Peas are prodigious, and the more you pick, the more you get. You’ll walk outside and have a meal every damn day. Their flexibility is astounding. Eat them early as whole peapods or wait for them to fatten up, then use your fingers to pull them apart to reveal three to eight perfectly round peas inside. If that’s too much trouble for you, squeeze to explode the pod right into your mouth. (I don’t care if that is what she said, I stand by it!) If they’re shelling peas, you can simply wait for them to dry on the vine and save them for the winter. Pea shoots themselves are a treasured part of the hot pot experience and are delicious stir fried. And if you take a shoot off the vine, the peas do not care. They will simply Dozer some new shoots for you, Fraggle Rock style.

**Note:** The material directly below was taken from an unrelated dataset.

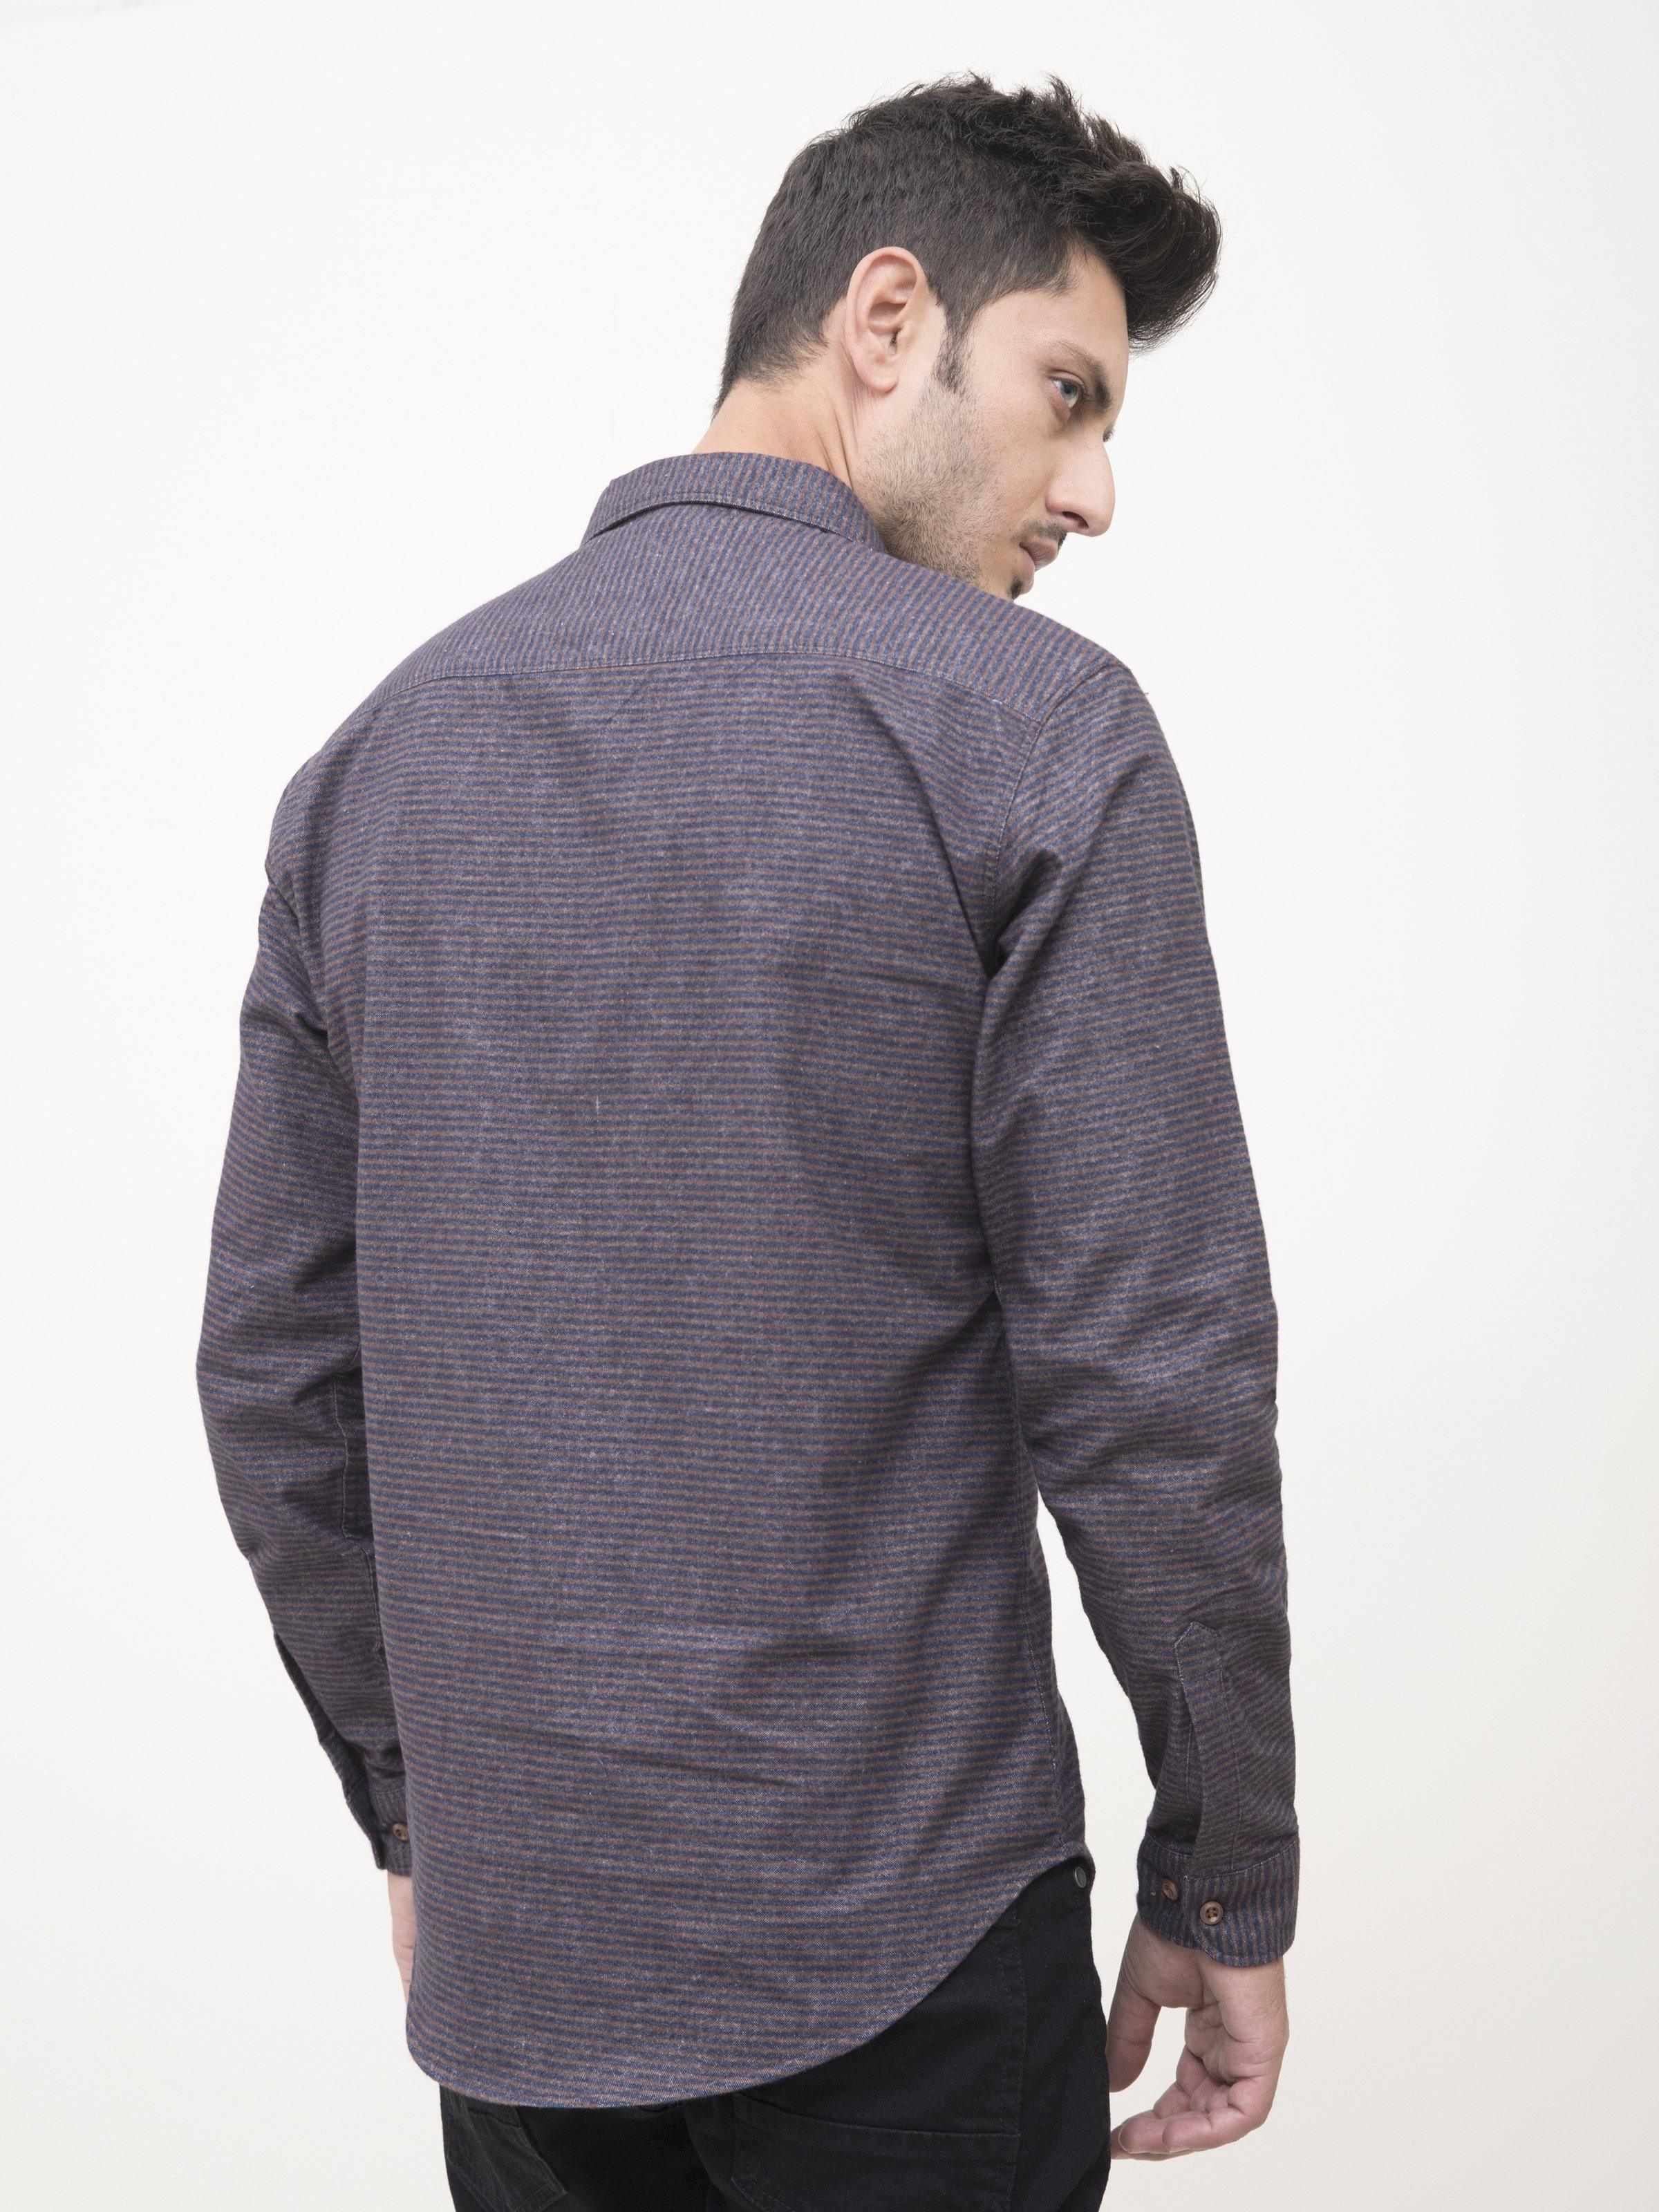 CASUAL SHIRT FULL SLEEVE BROWN BLUE at Charcoal Clothing

As for their sexiness? I say we’re all missing the boat. Peas — which, for the record, have never been the source of heartburn (I’m look at you, tomato) — send out tendrils that grasp around them for anything to cling to, and said tendrils are also edible (many restaurants use them for a gloss up). They can grow to 10 feet, giving you a perfect spot of shade in the garden. I grow them on arches, so the peas hang down.

 peas, pea tendrils, pea flowers and the pods make this green goddess risotto supes fancy (Image: Amanda Blum)
peas, pea tendrils, pea flowers and the pods make this green goddess risotto supes fancy (Image: Amanda Blum)

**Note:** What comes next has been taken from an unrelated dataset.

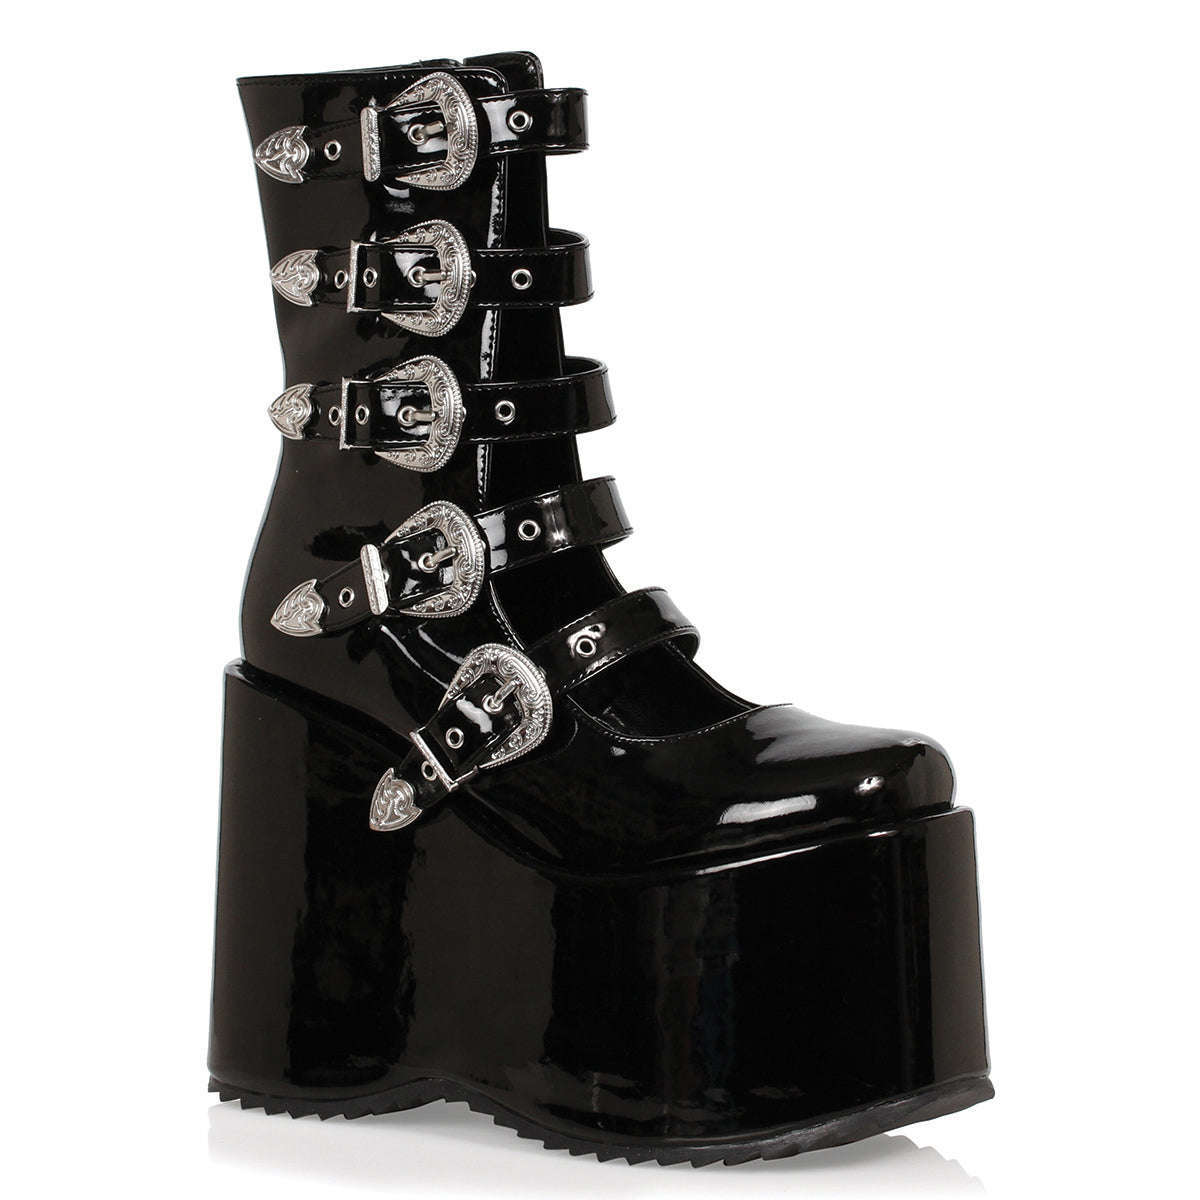 5" Gothic Glamour Chunky Women's Platform Buckle Boots

Are you convinced yet? Grab a pot, a planter, or even a shallow trough and get some peas in the ground. Buy some seeds, throw them in a jar with some lukewarm water for 2-3 days and then plant them and be on your way to a successful harvest.

When deciding which kind of peas to grow, pay attention to the descriptions on seed packages, which will give you information on yield and how tall the plants will grow. While I generally recommend finding a local seed company where you live, pea seeds are safe to buy at the grocery store, or anywhere you find seeds. (Here’s a great chart from Johnny’s Seeds, a national seed house, that shows the differences between their peas.)

Snap peas

Snaps are probably what you picture when you think of peas–a thick pod encasing round, plump green bois. They’re called “snap peas” because they are delightfully crisp and, when broken, make a snapping sound. (I could be making that up.) Young pods are delightfully edible; fully grown pods are technically edible too, they just tend to be a bit tougher. Save the tougher pods and make pea vinegar by throwing them in a jar and covering with white vinegar and some sugar.

Image: Amanda Blum
Image: Amanda Blum

Snow peas

The flat pods (pea pods) that you’ve likely grown accustomed to in Asian cooking is a snow pea. These start out flat and small and grow longer, with a few smaller peas, spaced apart, in them. The pods generally remain edible the entire time.

Shelling peas

These are very much like snaps, but the pods are inedible, so they must be removed. While other pea vines can reach up to 10 feet depending on variety, shelling peas tend to be three feet or shorter. As keeping peas go, meaning you’ll dry them and keep them for winter, shelling peas are the ideal.

Sweet peas

Sweet peas are NOT edible. No part of them is edible. They’re highly toxic, but are, in fact, peas. People grow these toxic beauties because they have a gorgeous flower that smells amazing. The vines look similar to edible peas, but the flowers and pods are different enough that you (probably) won’t eat them by accident.

Purple peas

Many seed purveyors now offer purple vegetables, which seem very charming because who doesn’t want purple pea pods? It is a joke amongst gardeners that purple peas, while prodigious, have an aftertaste that makes them pretty terrible, but that each gardener must experience it themselves before going off them. I am often reminded of the year that literal pounds of purple peas could not be foisted on anyone, friend or foe, from my gorgeous 3.66 m pea tower. (Someone, and I’m not saying it was Claire Lower, but it was Claire Lower, actually threw one back at me.)

If you want to wade into growing your own food, stop fussing around with tomatoes. Put some pea seeds into the ground. Now is the time and peas are just the vegetable to start with. Even if you’re determined to use the space for tomatoes later, you’ve got plenty of time to get a round of peas off before then.